The event was created to acknowledge that violence against homosexuals still happens, said Thomas Gudino, President of LGBTA.
According to the Gay, Lesbian ‘ Straight Education Network website, “Day of Silence” is set for April 26 at college campuses throughout the country.
The “Day of Silence” will also take place on elementary, middle and high schools across the nation, according to the Gay, Lesbian ‘ Straight Education Network web site.
The CSUN LGBTA is looking to increase its membership and enhance awareness about LGBT students on campus.
“We’re rebuilding our base of students,” Thomas Gudino, president of the LGBTA club, said. “We’re actually working on campus to make our presence known.”
Gudino said there hasn’t been much activity by the LGBTA in the last few years.
“I think more needs to be done in terms of activities and that’s something we’re working on,” Gudino said.
Gudino also said LGBTA students should have a place to gather on the CSUN campus.
“What (LGBTA) members would like to see on campus is gay and lesbian resource center,” Gudino said. “A place where they can meet and feel safe (on campus).”
There used to be a resource on campus for LGBT students, but it was eliminated when a another club merged with the LGBTA in 2002, said Sabina Magliocco, assistant professor in the Anthropology department.
“I think one of the problems was getting people to staff the resource center, only two or three people would show up,” Magliocco said.
Magliocco was the faculty adviser for the LGBT student resource center when it closed down in 2002.
“They (LGBTA members) were not terribly visible on campus when I was involved,” Magliocco said.
Gina Masequesmay, assistant professor of Asian-American Studies, runs the Positive Space Program and the Ally Project on campus.
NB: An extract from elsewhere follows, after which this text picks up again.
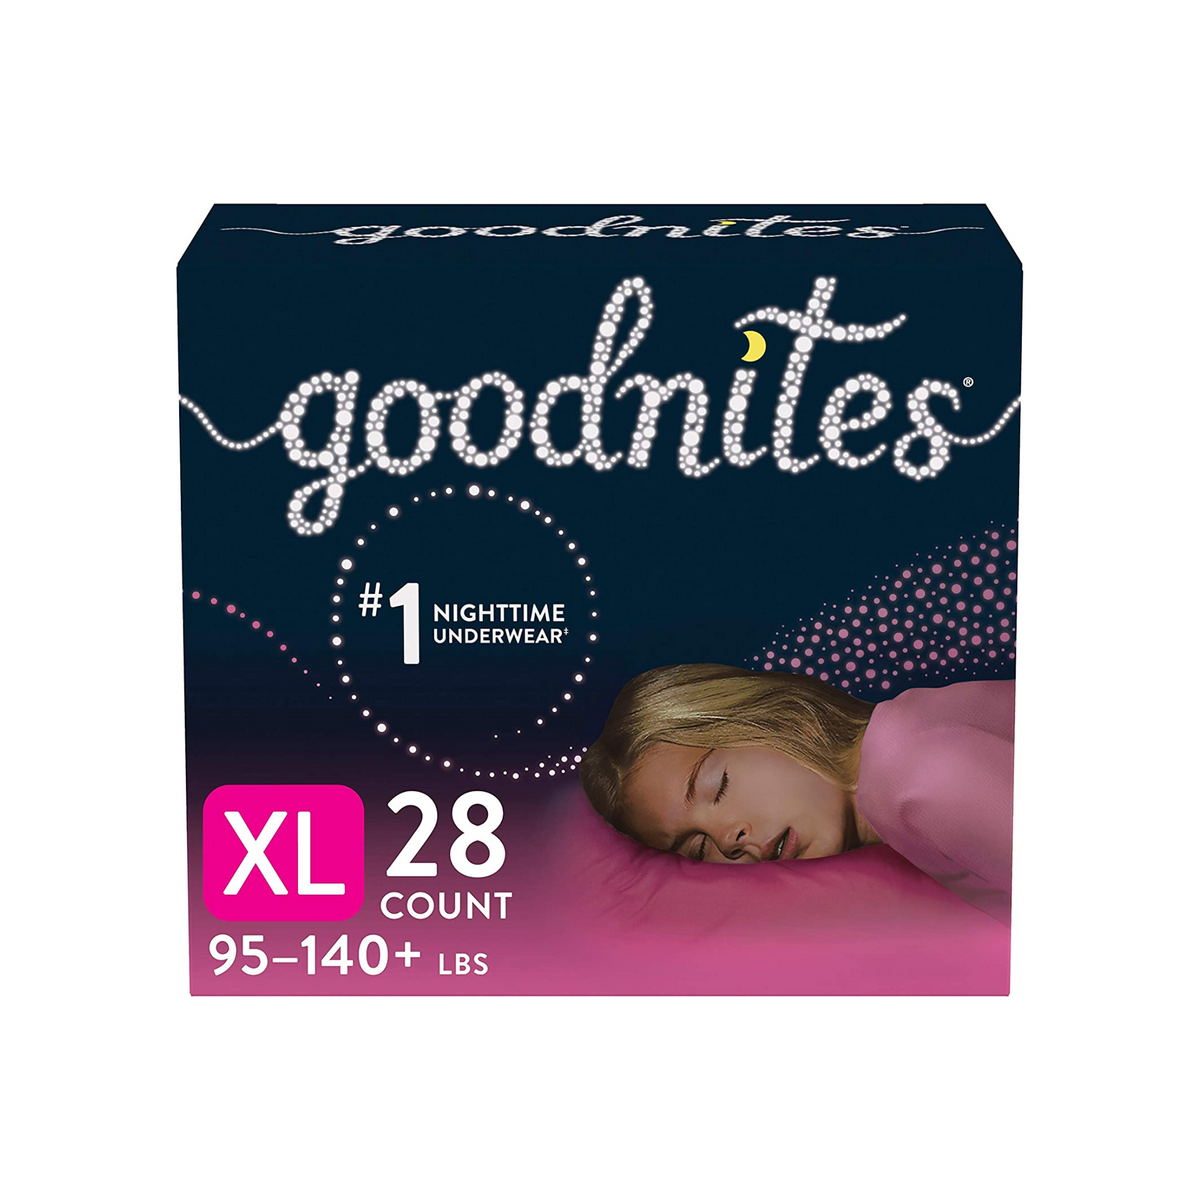 Goodnites Nighttime Bedwetting Underwear For Girls, X-Large, 28 Ct

She believes the LGBTA should get involved with the Ally Project. The project is designed to teach professors how to support and befriend LGBT students on campus.
“(The Ally Project is) getting people aware of what the issues are (on campus) and even have LGBTA members teach straight students (about being an ally),” Masequesmay said of the Ally Project.
Masequesmay said the Positive Space Program involves faculty retreats and safe zone training. After going through the training program, professors receive an Ally sticker to place in their office to let LGBT students know that they can come to them for support.
“I would like to see LGBTA get involved with other students,” Masequesmay said.
Garry Lennon, Theater Department assistant professor, helped start the Positive Space Program at CSUN started in Spring 2002, said that when he was in college, there was only one small group for LGBT students.
Homosexuality was not something professors or students really talked about at his school back east in the 1980s, Lennon said.
“(Homosexuality) just wasn’t talked about,” Lennon said. “It just wasn’t acceptable.”
The biggest difference Lennon has noticed is that LGBT students are in an environment that is more open-minded.
“Especially in California, (homosexuality) is much more talked about and more open,” Lennon said. “But not necessarily more accepted.”
Gudino said there is a need for students and professors to support LGBT students on campus.
“Even though it is 2006, sexuality is something people are still uncomfortable about,” Gudino said.
The political climate in the United States on issues such as same-sex marriage and equality for LGBT people are the primary reasons why LGBT need allies, Gudino said.
“There is a need for allies (on campus) in this time,” Gudino said. “We still need support when it comes to voting and (legislative) measures.”
Gudino said people don’t have to be gay to join LGBTA and that anyone is welcome.